TASK TO CARRY OUT -> Pictures are to be left out, and only the lines below starting at the one with "Mayor Reed: Reviewing" and ending at the one with "Komatsu Exhibition】- Transparent" are to be reproduced, each exactly, both ends included.

DATA FOR REVIEW ->
= Beginning of Section =
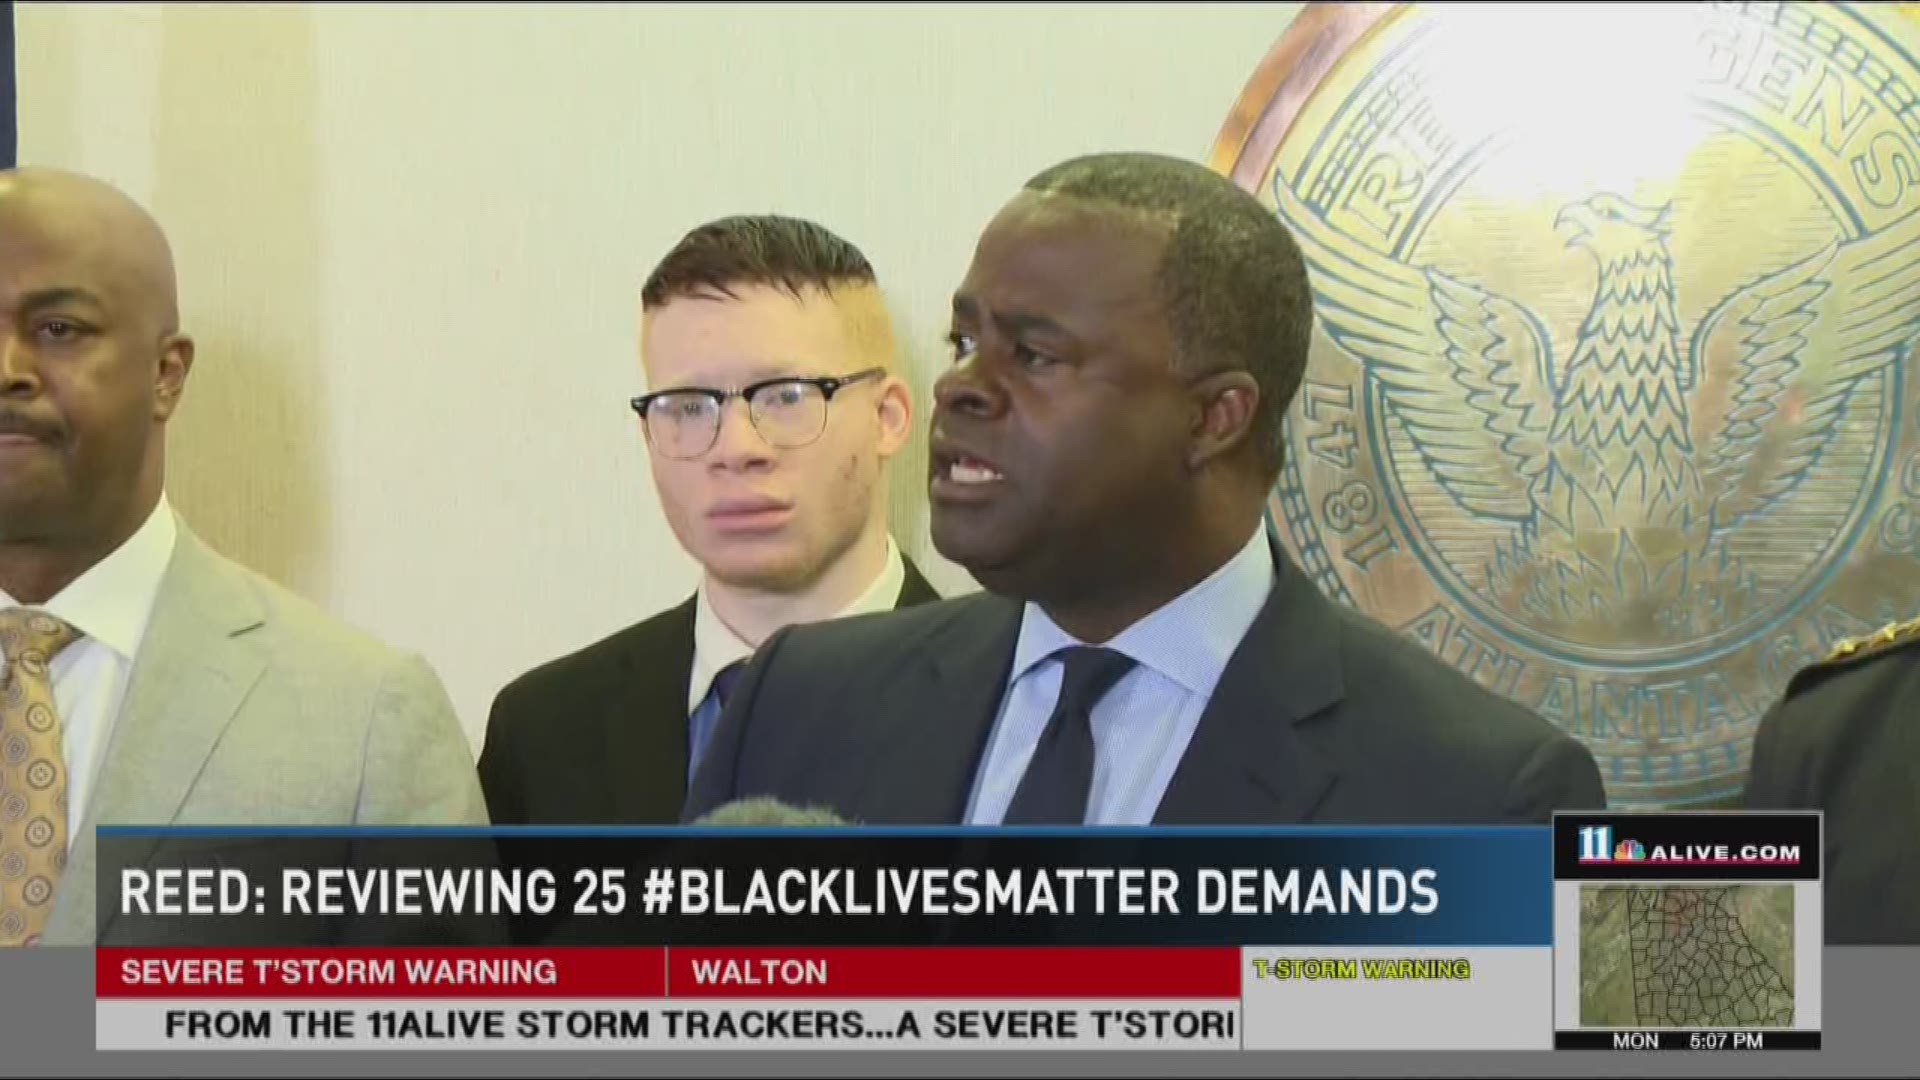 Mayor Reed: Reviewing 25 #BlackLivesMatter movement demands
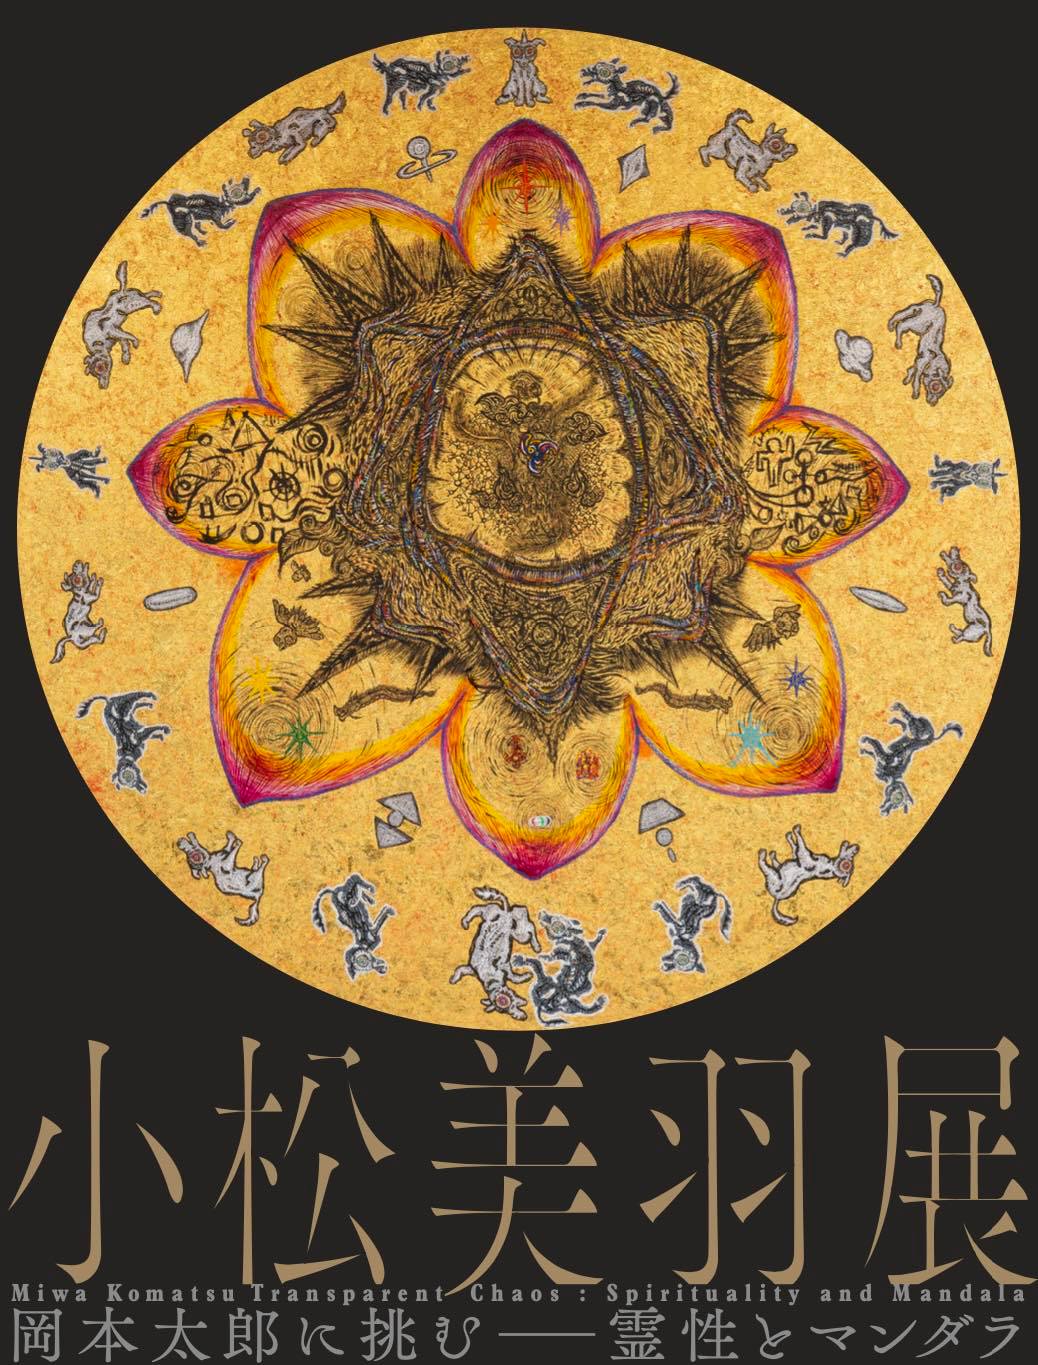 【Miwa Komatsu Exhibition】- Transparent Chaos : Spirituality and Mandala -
= End of Section =
= Beginning of Section =
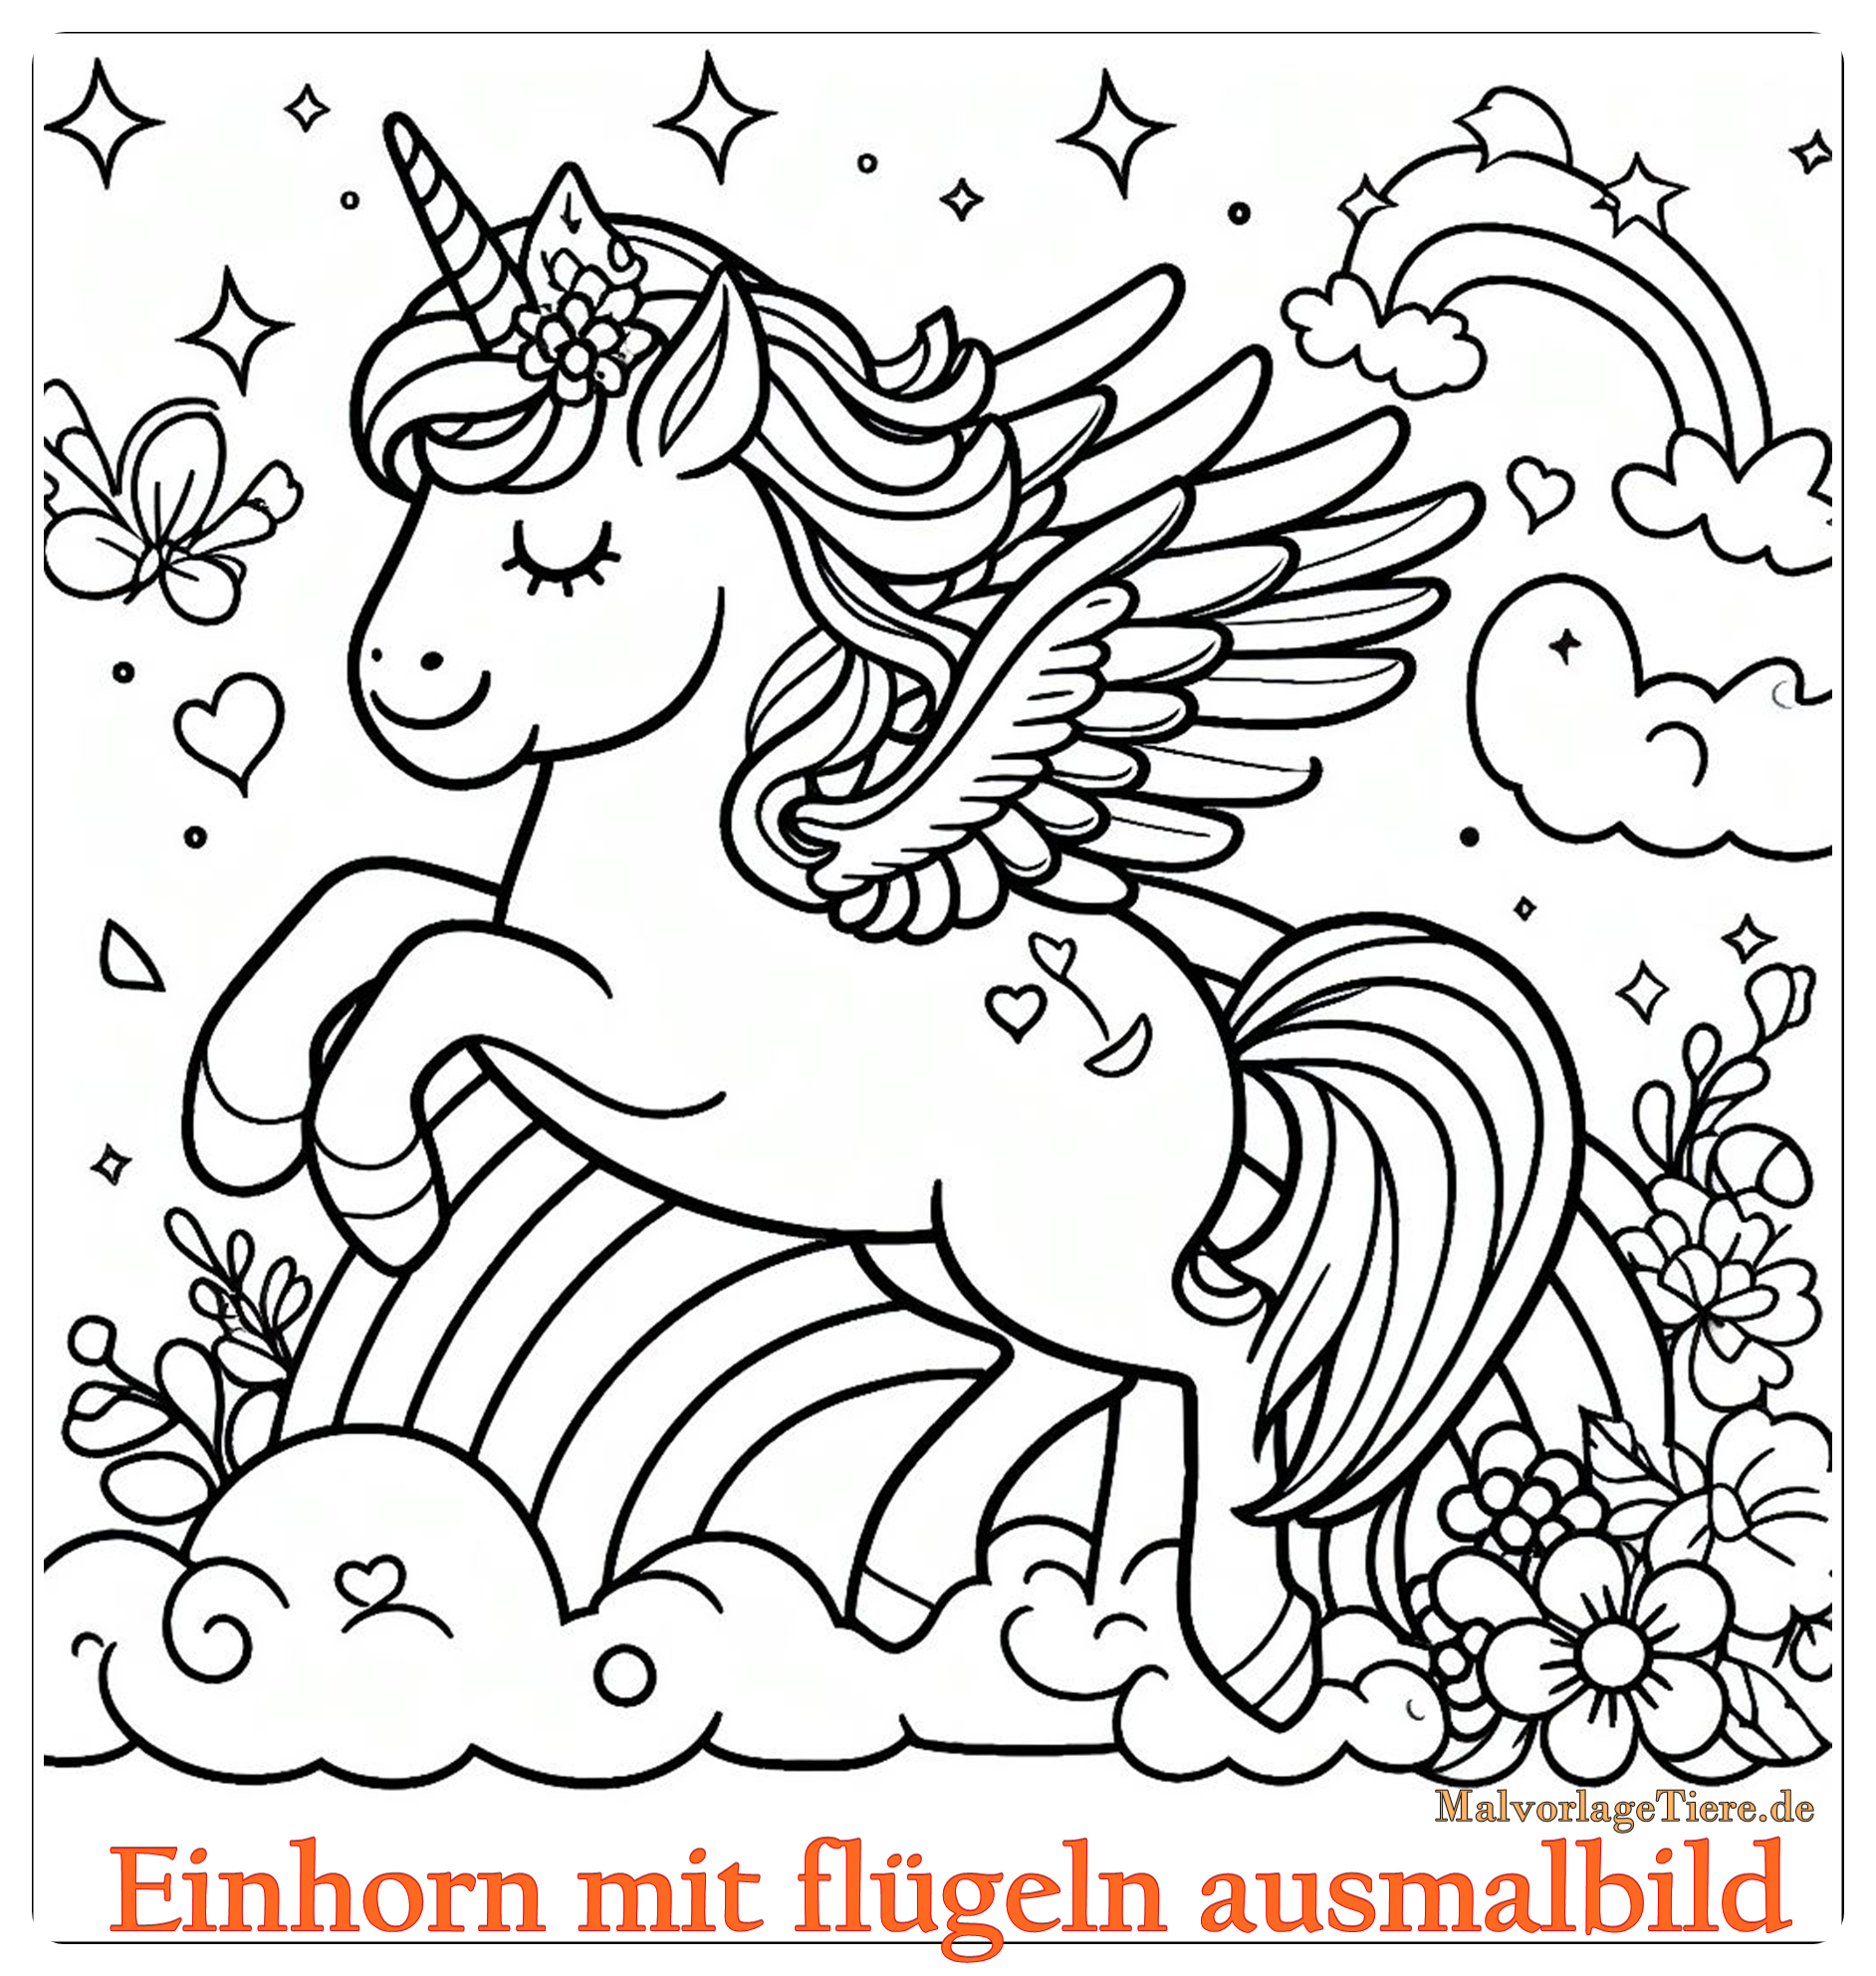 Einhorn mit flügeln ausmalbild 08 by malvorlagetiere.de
= End of Section =
= Beginning of Section =
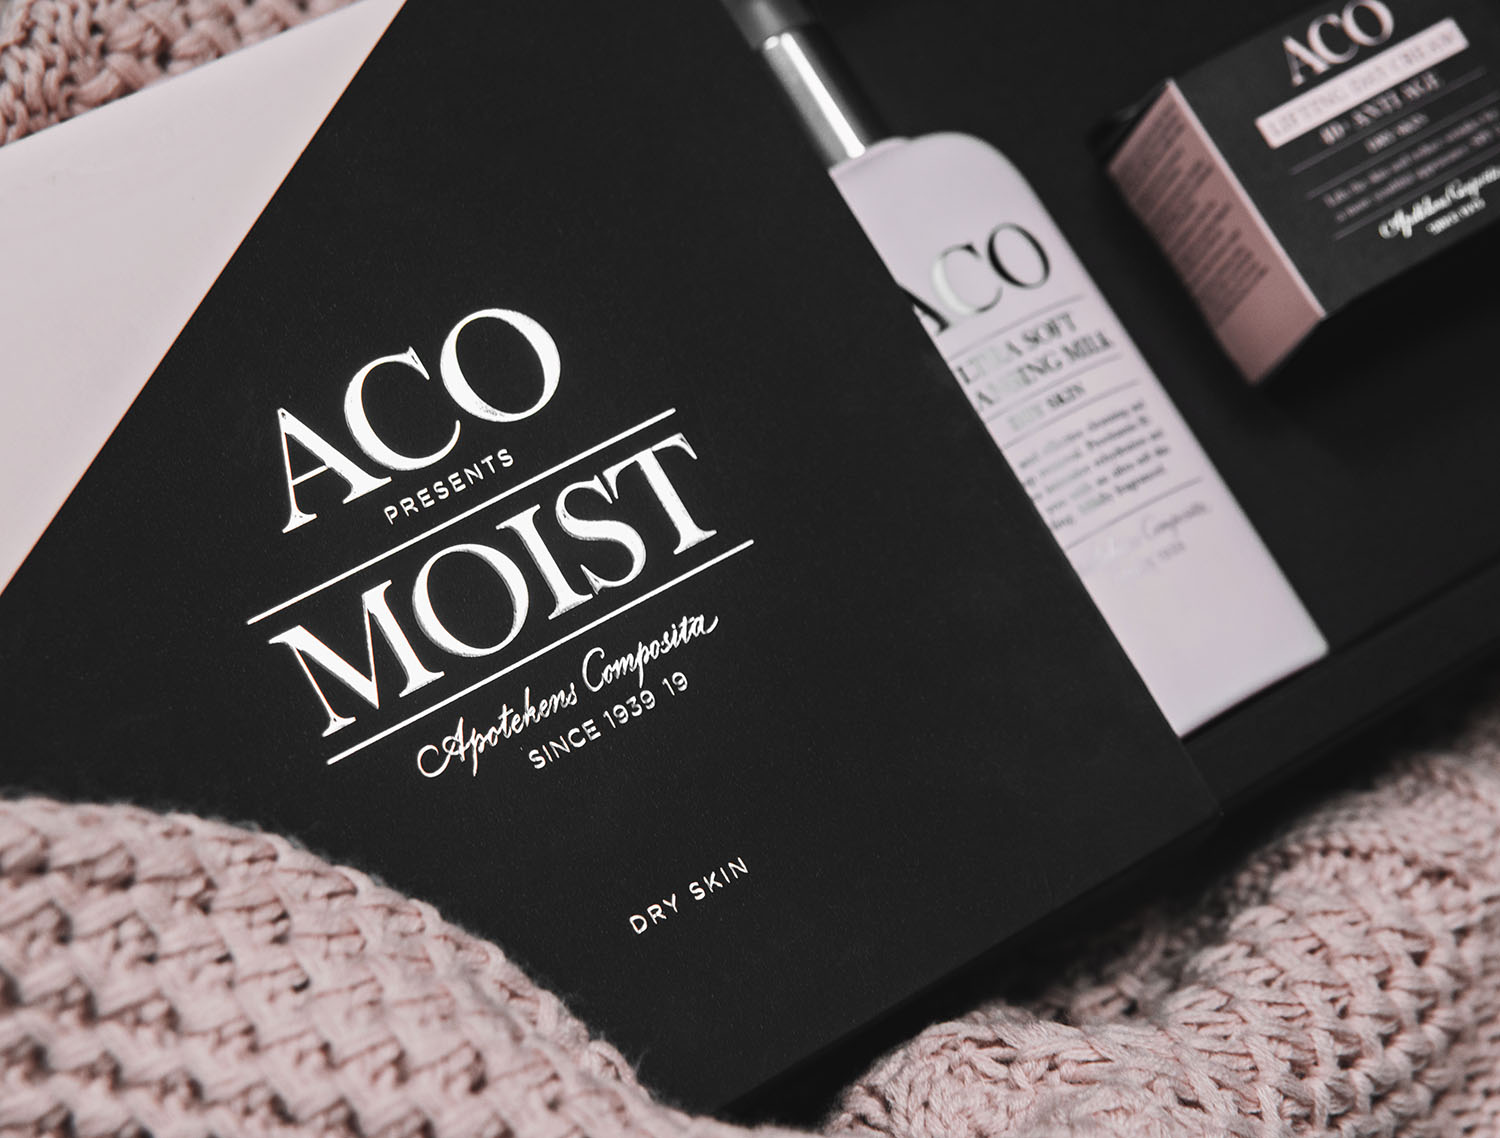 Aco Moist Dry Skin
= End of Section =
TASK RESPONSE ->
 Mayor Reed: Reviewing 25 #BlackLivesMatter movement demands
 【Miwa Komatsu Exhibition】- Transparent Chaos : Spirituality and Mandala -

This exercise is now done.